To introduce Herman Düne, you can find lines online like John Peel‘s (Legendary BBC1 DJ, who created the PEEL SESSIONS): “once claimed to recognize Herman Düne guitars the fastest and Jolie Holland called Herman Düne ‘The Leonard Cohen I know’“. For the melomaniac who rely more in sounds and lyrics, one can first recommend “Tell Me Something I don’t know” even though “Crazy Blue” is an all-time favourite.
However, reaching out to the personal, we would start by also highlighting Herman Düne‘s hair which has already begun to fade in shades of pinks –a sort of unconscious and more natural version of the Polymétis, Pink Punch, 2013–14 by artists Nicholas Croft and Michaela MacLeod at the Jarding de Métis, in the Reford Gardens [Grand Métis, QUEBEC CITY, CANADA] —for the aesthetic-minded ones; to then revise Düne’s comic @YayaThonman, his ceramic way of art and even his paintings.
That’s pretty much why we we(a)re excited when David Ivar Düne [HERMAN DÜNE’s real name] accepted to be part of CHEVET and share with us a private part of his Californian nest.
“I got this nightstand from my friend Cathy in San Pedro, the Port Of Los Angeles, where I live.
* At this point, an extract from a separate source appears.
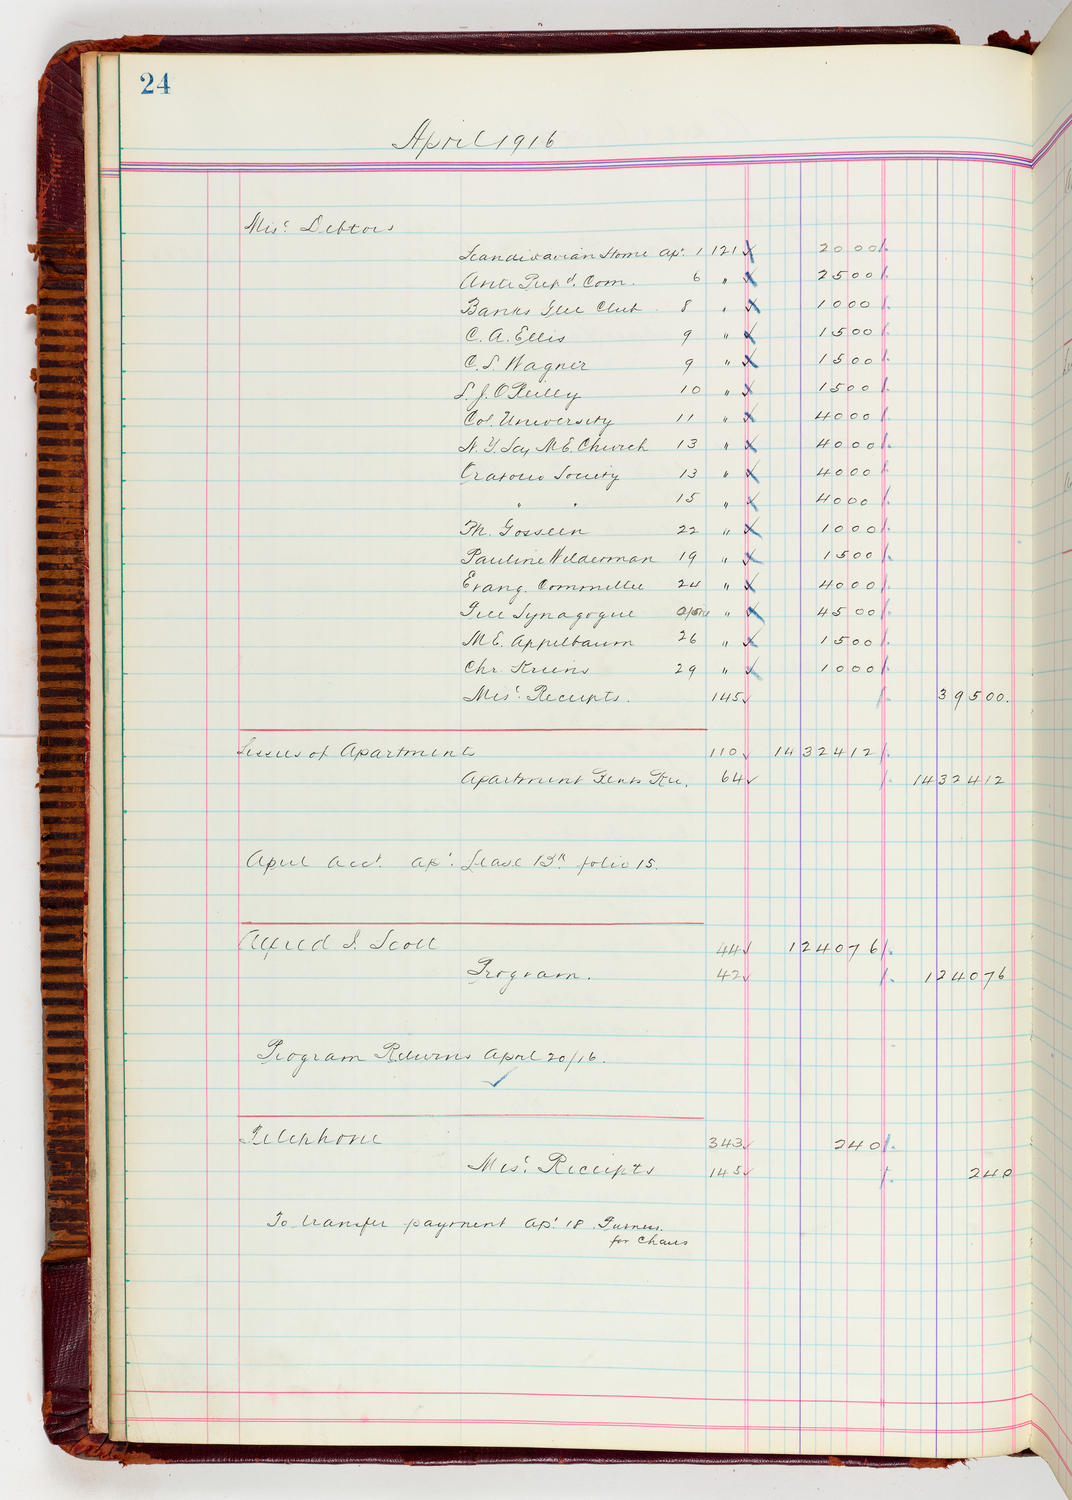 Music Hall Accounting Ledger, volume 5, page 24

She got it from a ship docked in the harbor and you can tell it’s boat furniture, I think.
So, on [the nightstand] you can see (from left to right):
-My Headphones, whenever I’m mixing a record I need to take the songs from the studio and listen to them on these specific headphones. I’ve had them since Not On Top (2005).
-An antique Swedish Horse from Dalarna (central Sweden), where my ancestors are from.
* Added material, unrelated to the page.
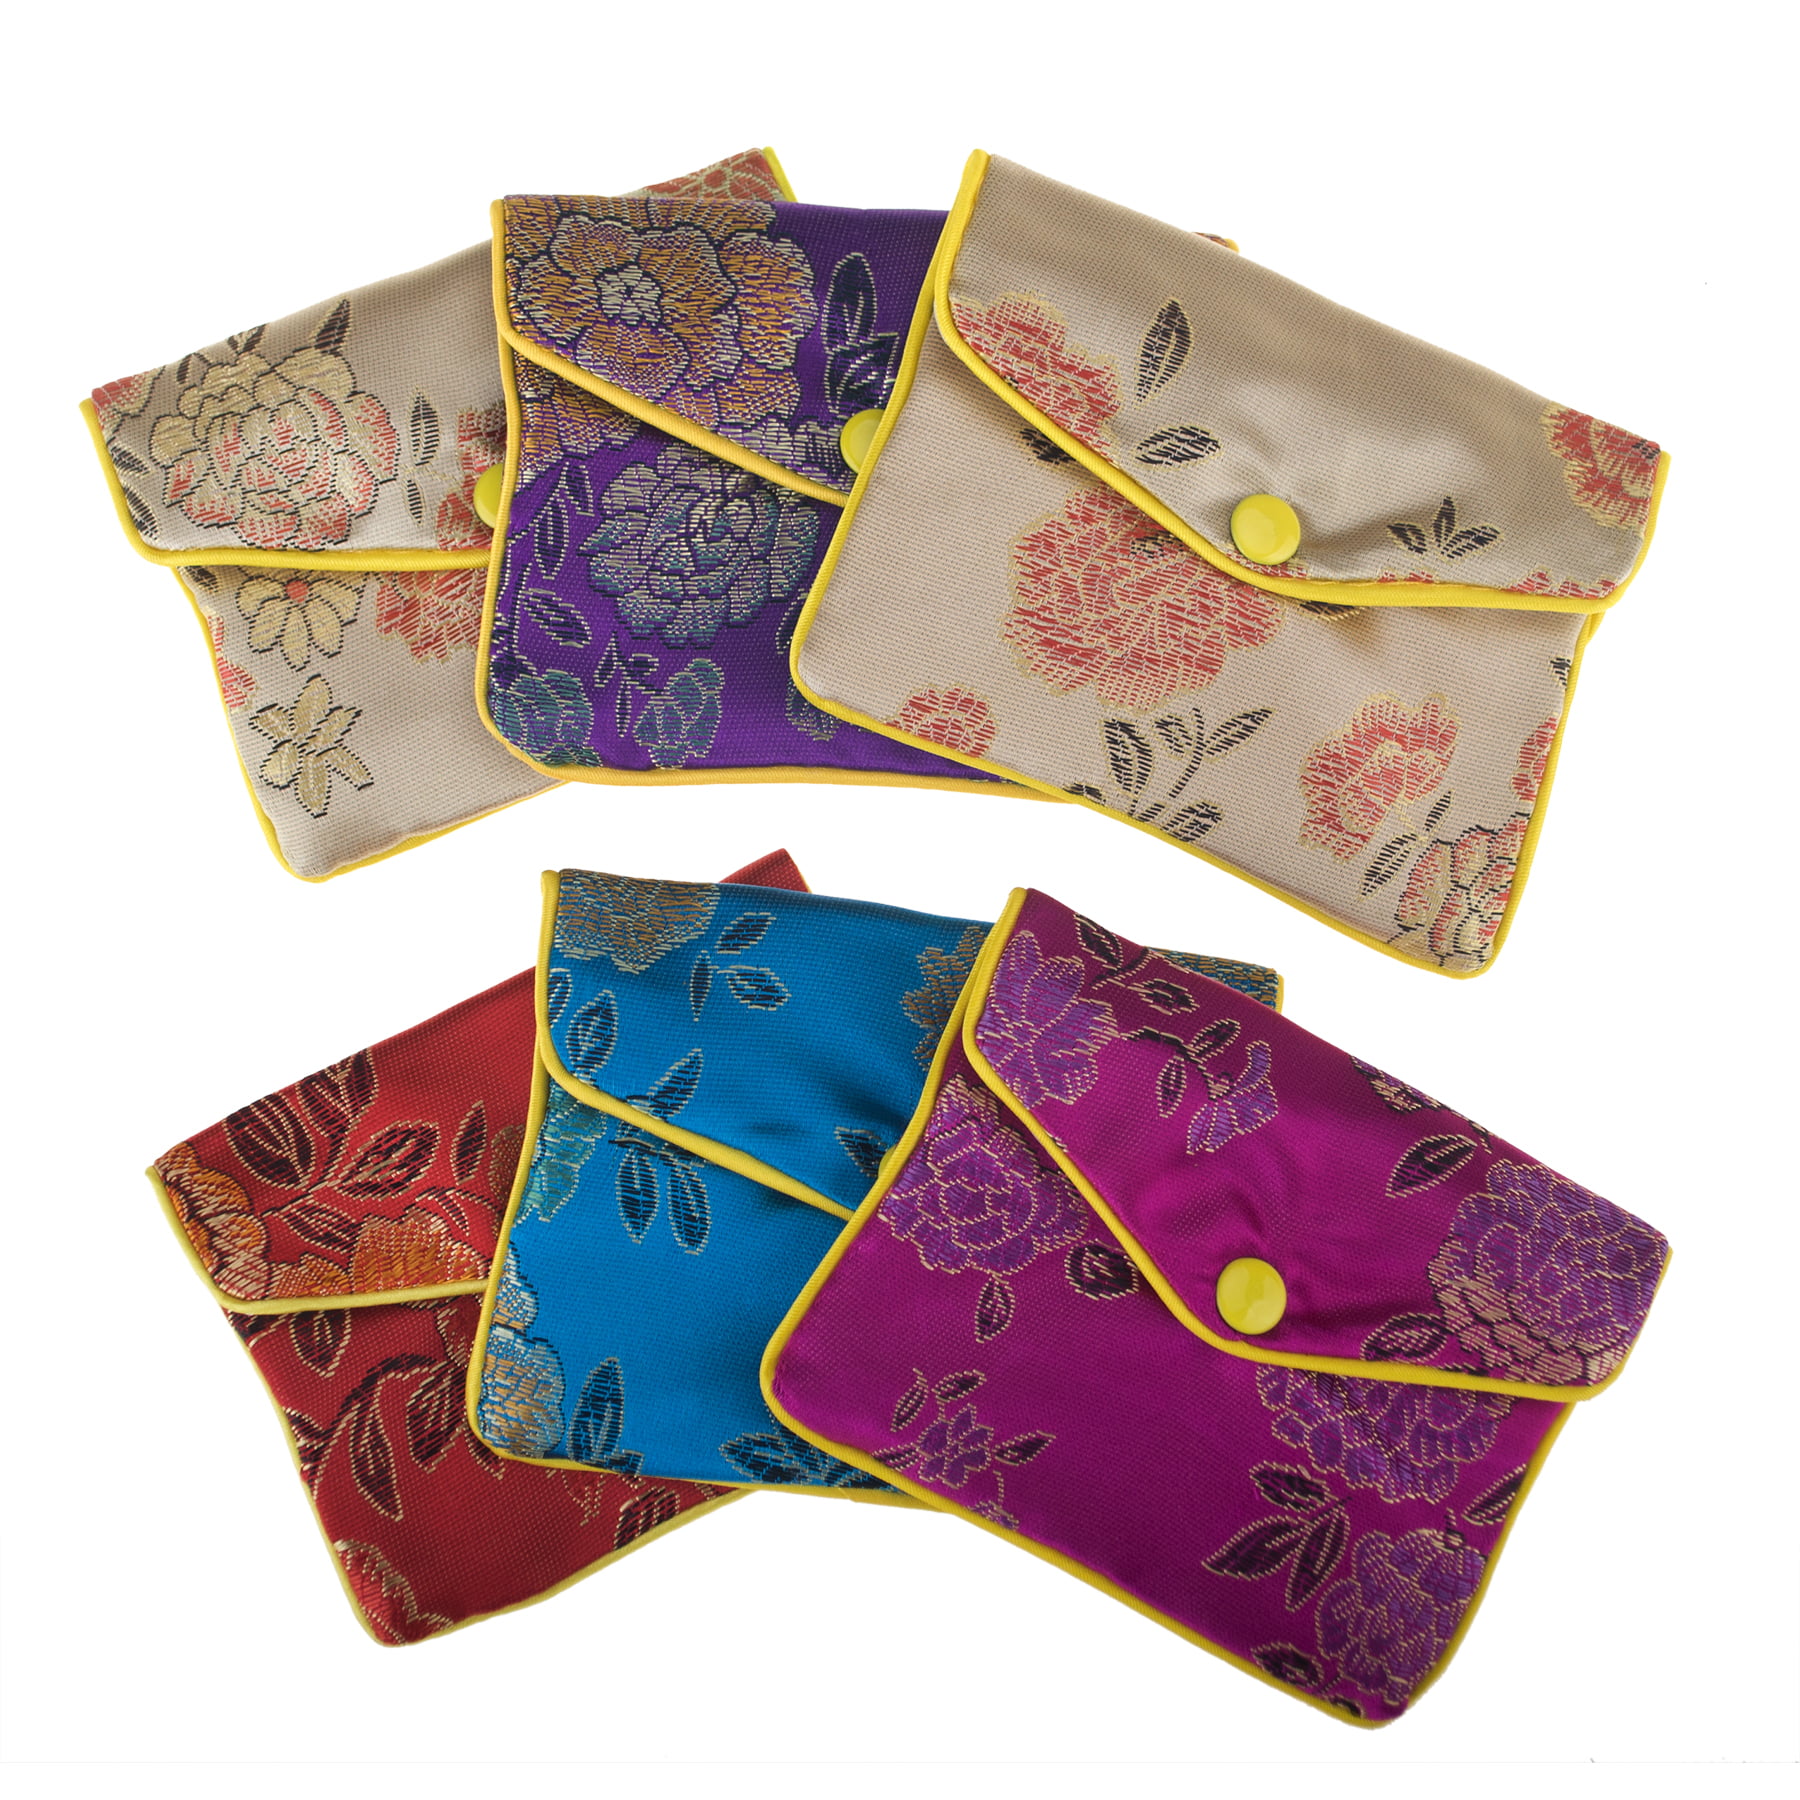 6 Pcs 3 Color Chinese Jewelry Purse Pouches with Zipper 4" x 5" 6 Piece pack

–The Abortion: An Historical Romance 1966 by Richard Brautigan: a poem, a novel, a memoir, a book by Brautigan. Where a clerk at the library for unfinished books in San Francisco comes back from a dreamlike cellblock to life through a real love affair and a real abortion in Mexico.
–Birdland by Gilbert Hernandez: [this is] an erotic foray into Magical Realism. Fritz, the beautiful heroine, with wonderful breasts and a high soft lisp, is also a psychotherapist and Birdland brings us into the weirdest, darkest realms of the world of her dreams.
-A Self-Portrait by Mayon Hanania, my muse and partner in life.
–Inspecteur Morrison. This black cat came to my house and never left. I never wanted a pet and did nothing to encourage him. I believe he’s a descendant of one of Charles Bukowski’s many cats. Bukowski used to live further up on the same street as I. He’s quite mean, small, scruffy and wild, but I really like that he comes hanging out with me sometimes!”